Slide 8: Pre-Firing Decoration

Pre-firing decoration, which survives the heat of the firing, is generally permanent and will survive handling and extensive use of the pot. In contrast, post-firing decoration, such as painting or colored washes, never becomes an integral part of the pot and will eventually wear off the surface. Pre-firing decoration is applied at different stages in the drying process, after the completion of the basic shape of the pot and before the firing. Simple decorations include ones incised into the damp clay with a sharp blade or comb-like tool, impressed with a stamp made for example from split seed pods or shells, or rolled with a roulette made from a dried corn cob from which the kernels have been removed. Pictured here is the most complex type of decoration: modeled clay decoration applied to the surface of the basic pot. This type of decoration must be applied while the pot is still fairly wet if the added clay is to adhere firmly to the walls of the pot.

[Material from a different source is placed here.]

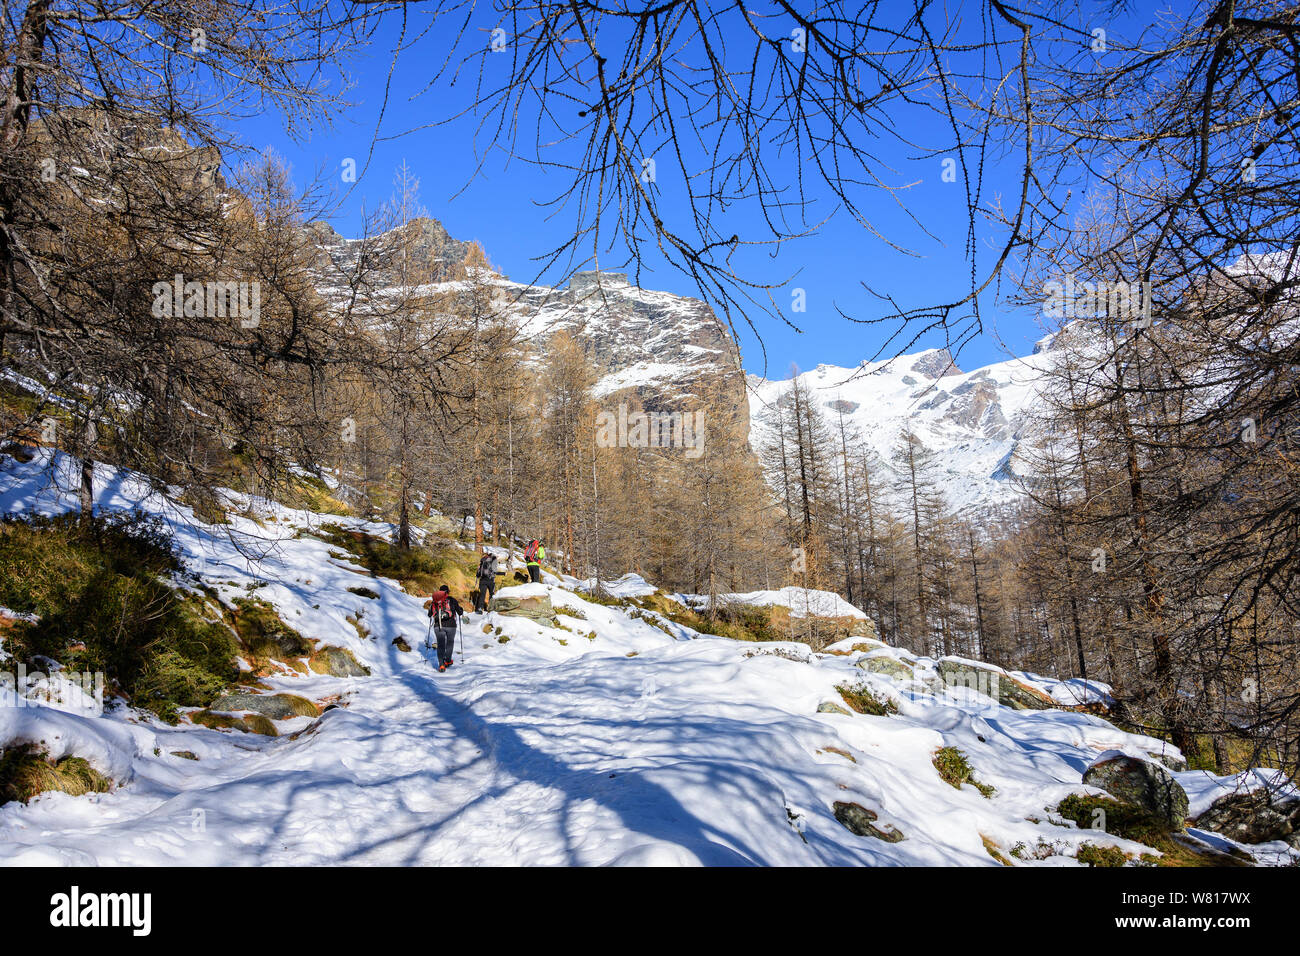 Group of hikers trekking in the mountains of the Alps. The trekkers are going through a snowy forest. Italy Stock Photo

Supplementary Information on Additive Decoration

Additive decoration ranges from simple utilitarian handles and spouts, functional knobs and spikes of clay that aid the cooling of the contents of the pot through increased evaporation, added bands and thick coils of clay that may structurally strengthen the pottery, to the most elaborate constructions in clay, used as prestige items in the household or as ritual pottery in ceremonies.

Decoration intended merely to increase the market value of a basically utilitarian pot will rarely obscure the basic shape of the piece. With more elaborate ritual pottery, the basic shape may become obscured. However, the more the shape of the pot is hidden by increasingly thick layers of added clay, the more difficult it becomes to fire the work without breaking it. Pottery with walls of uneven thickness will expand unevenly when heated in any type of kiln, causing the pot to crack. Thus, very decorative ritual pottery is fired at low temperatures, just high enough to dehydrate the outer surfaces of the walls. Often the interior of thicker areas will barely be fired at all. Such pottery is far more fragile than the cooking pots and water jars that make up the bulk of the African potter's production.